Economic Inquiry has just accepted my article with @PhilWMagness on income inequality in the United States before the 1940s. We show that the IRS data is of very poor quality and overstates the actual level of inequality #econhist #econtwitter

LINK: papers.ssrn.com/sol3/papers.cf…
We point out that the IRS income data relied on self-reporting in an era of rapidly changing rates and (at high levels) with lax enforcement.
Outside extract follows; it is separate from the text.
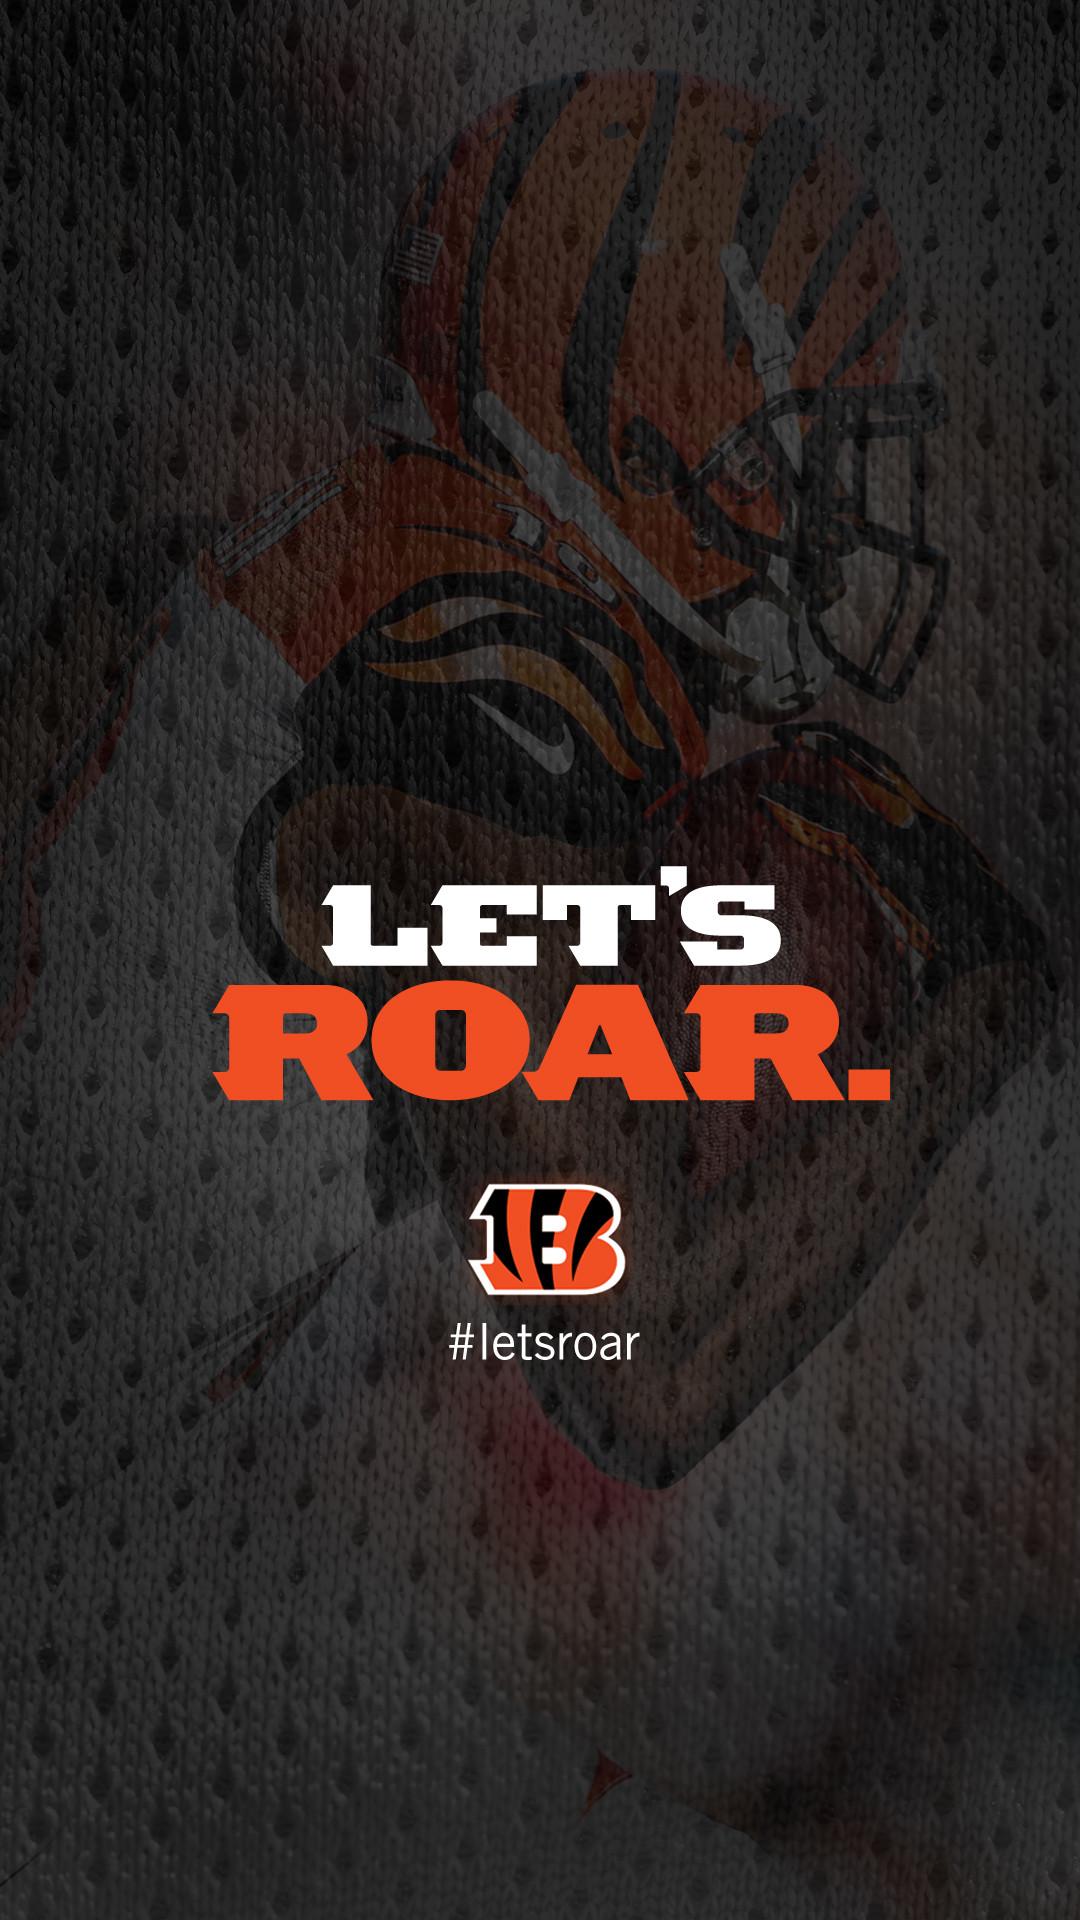 NFL Cincinnati Bengals meme The Bengals Pinterest Videos   HD Wallpapers    Pinterest   Wallpaper

This makes the errors of estimation unstable and the levels inaccurate.
So we used state-level income tax systems that were differently enforced than the IRS (Wisconsin, Delaware, North Carolina, Utah and Minnesota with the 1st two being the most important) to compare IRS-level estimates of inequality.
We find that these states had much high levels of compliance and also saw much larger shares of total income being reported than with the IRS in those states (especially Delaware). (see graph)
We find systematically lower levels of income inequality in Wisconsin than those who relied directly on the IRS data using Piketty-Saez's methodology
In Delaware we find the same thing with the caveat that we also discover that the smoothing methodology used by Piketty-Saez underestimates inequality in 1929-1931
In other states, we find the exact same pattern: the IRS data heavily overstates inequality levels.
When you pile all these together, you can find that the data has a systemic upward bias (and the few years Delaware is understating is a methodological error in the the transformation made by PS and others)
Finally, we also point out that our contribution fits with the great leveling storyline of my personal idols (Peter Lindert and Jeffrey Williamson who have taught me so much). Its just that in our case, the leveling of inequality is from falling K-Gains
@stephenfgordon @wwwojtekk @gabriel_zucman @AlexNowrasteh @m_clem @MarkKoyama @adamgmartin @AlanReynoldsEcn @CorneliusEcon @gabriel_mathy @GimenezRoche @D_Kuehn will probably also like this (I know him and my co-author are not the greatest of friends, but he is going to be interested and worth engaging with).